What this task involves – Reproduce the data below word for word, setting aside any picture it holds.

Data provided –
══════════

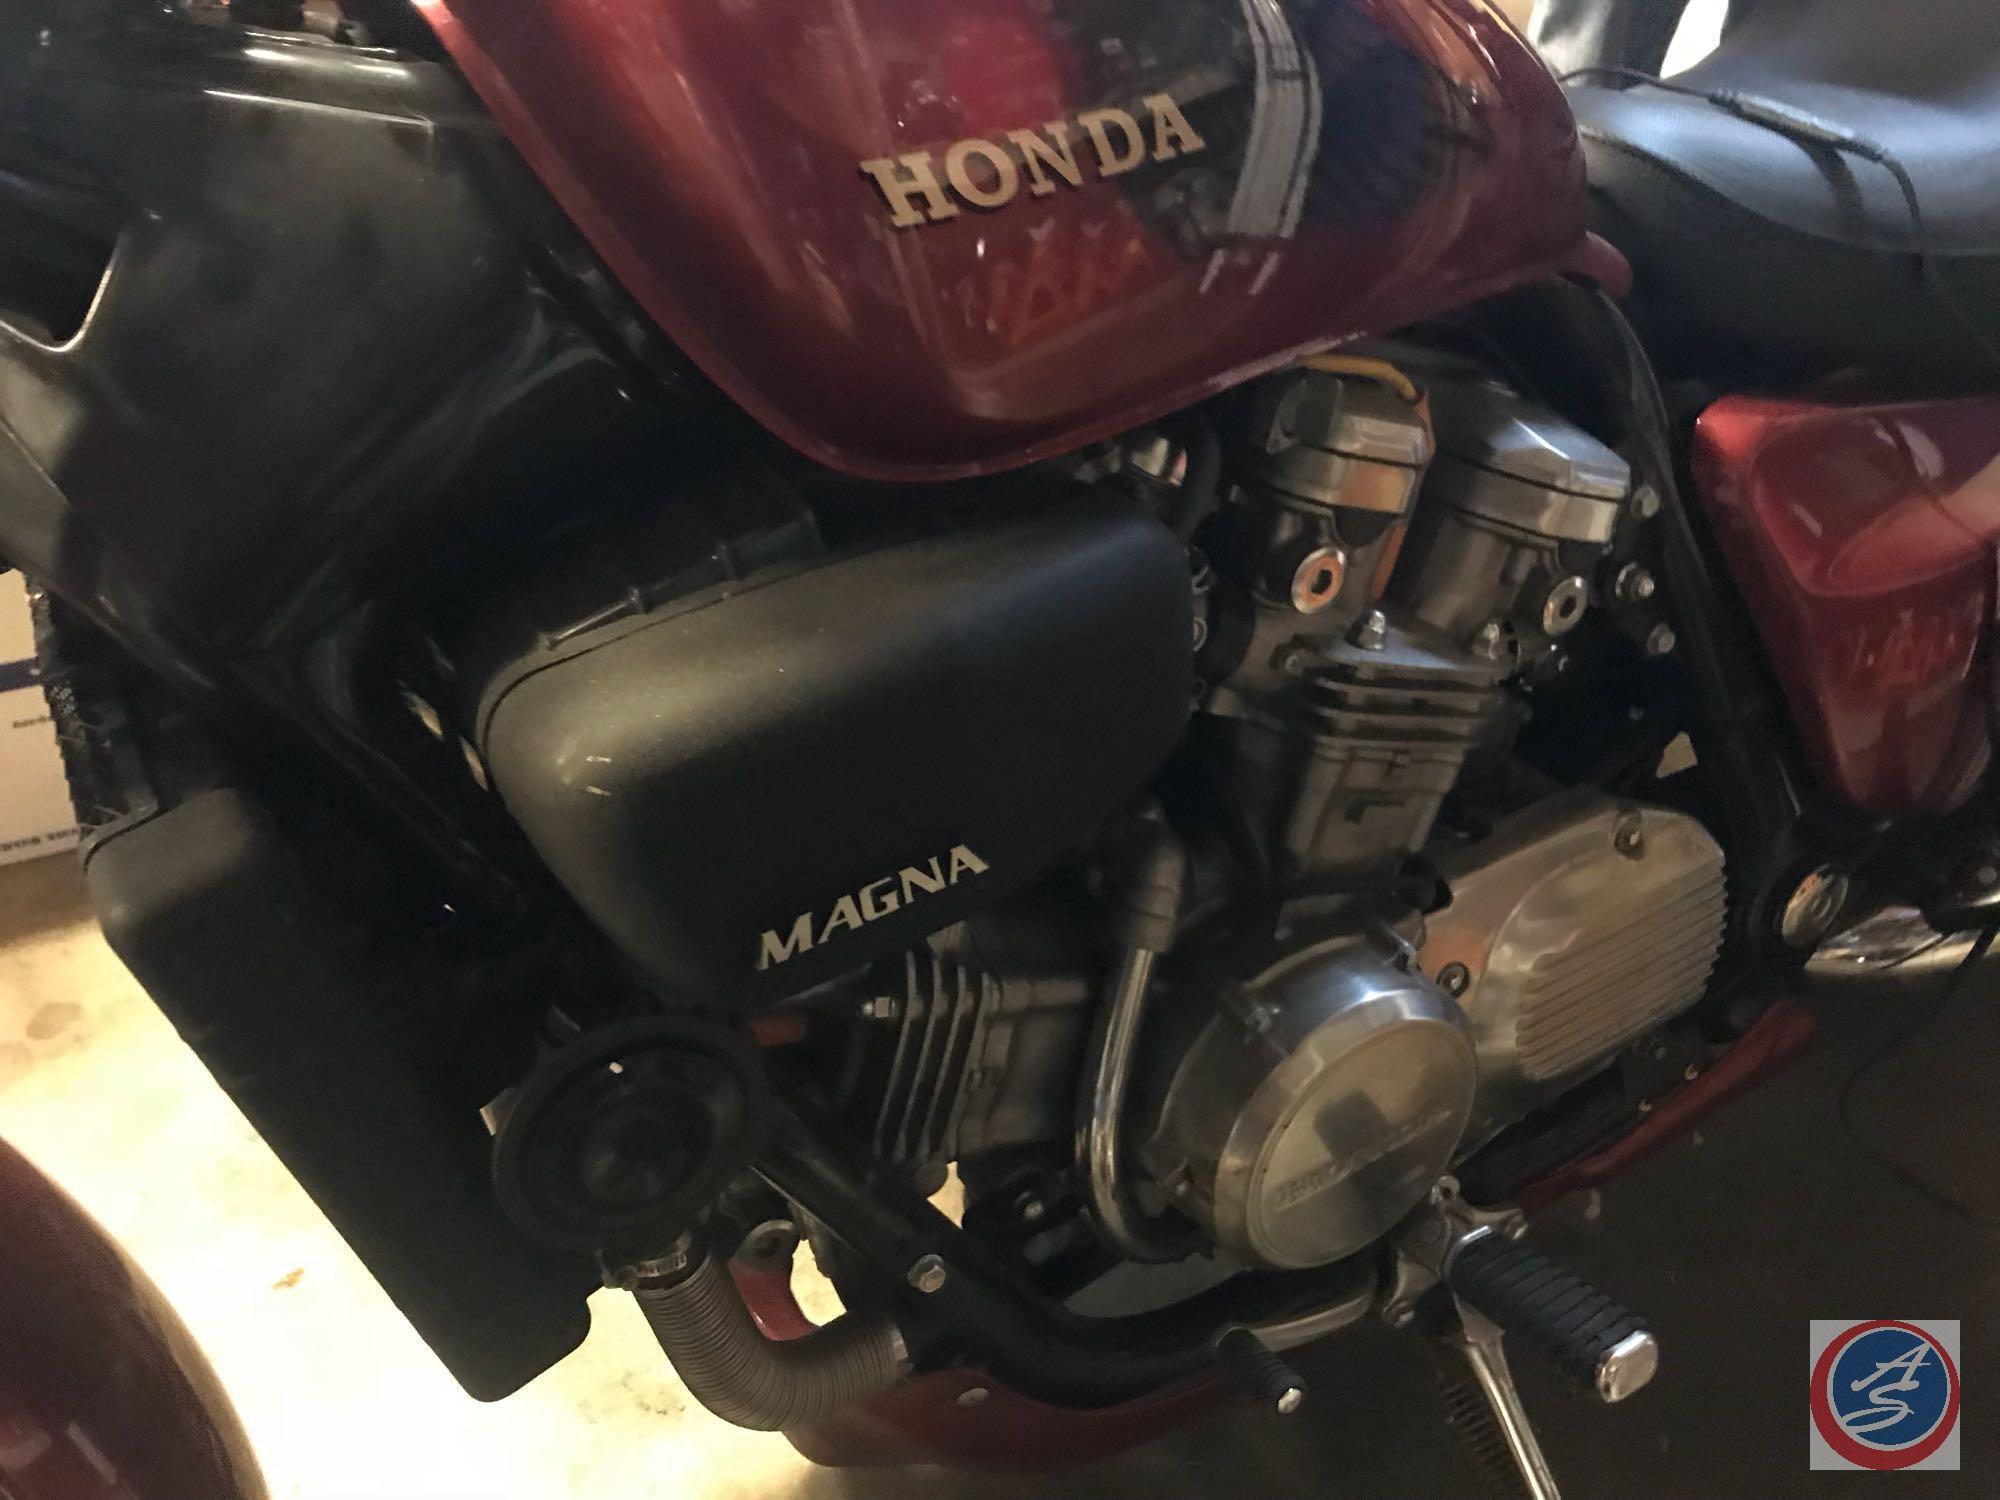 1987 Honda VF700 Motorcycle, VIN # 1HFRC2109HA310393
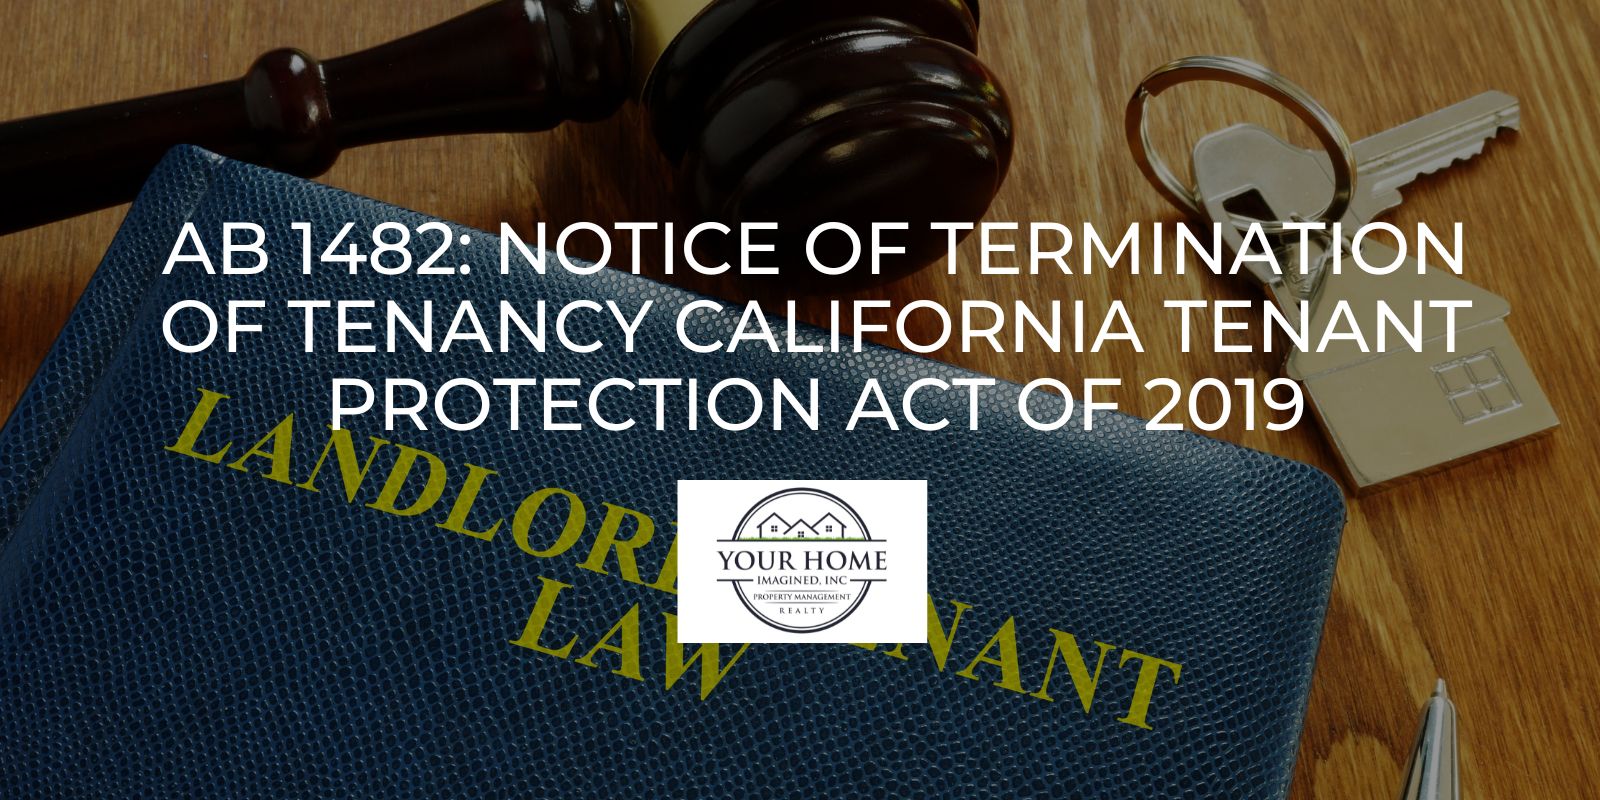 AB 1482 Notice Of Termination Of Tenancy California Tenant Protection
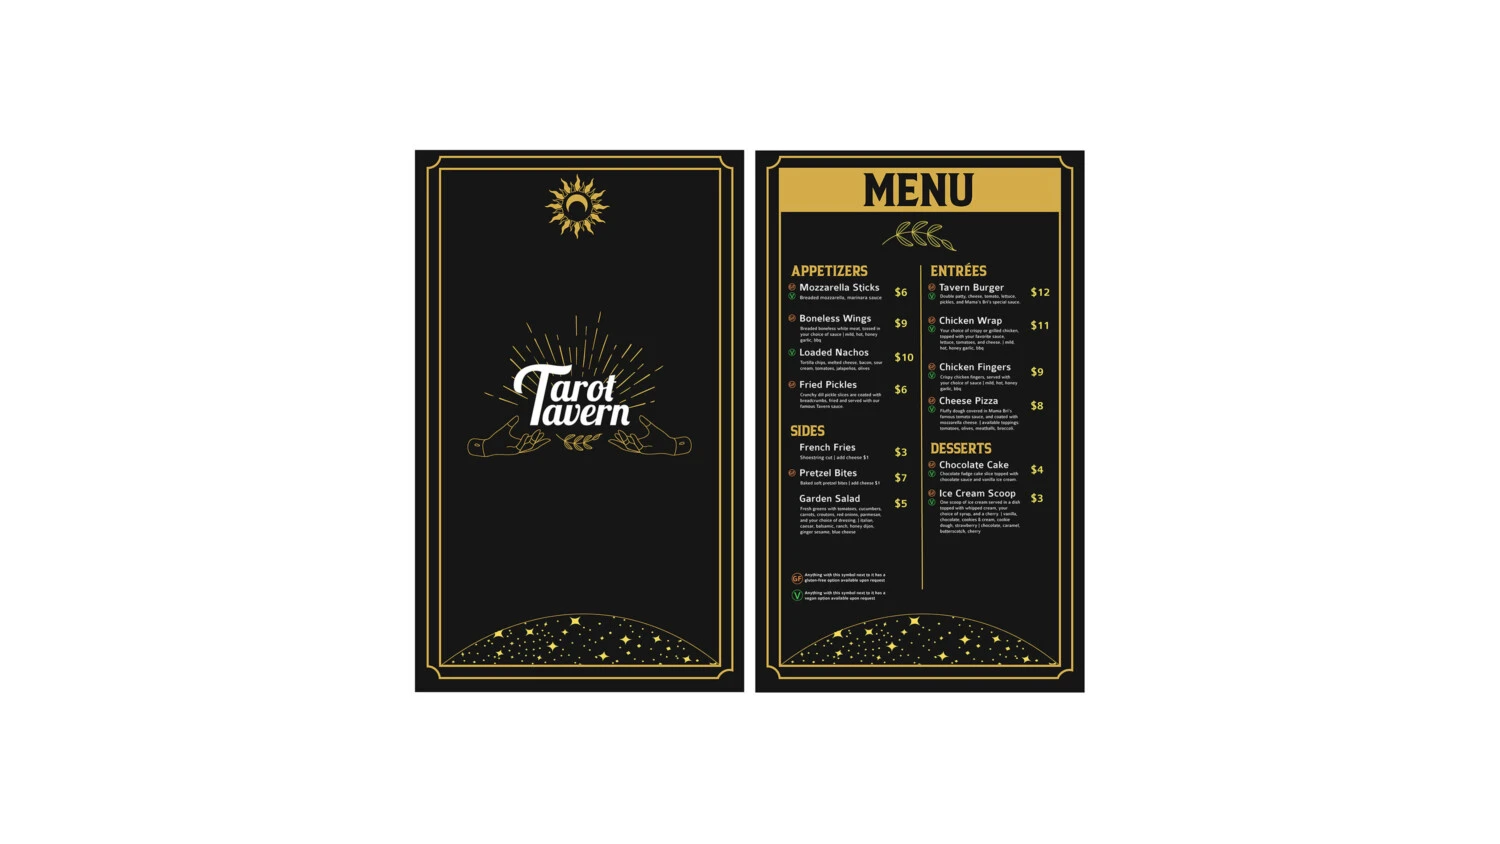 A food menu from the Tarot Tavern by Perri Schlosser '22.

══════════

Exercise output –
 1987 Honda VF700 Motorcycle, VIN # 1HFRC2109HA310393
 AB 1482 Notice Of Termination Of Tenancy California Tenant Protection
 A food menu from the Tarot Tavern by Perri Schlosser '22.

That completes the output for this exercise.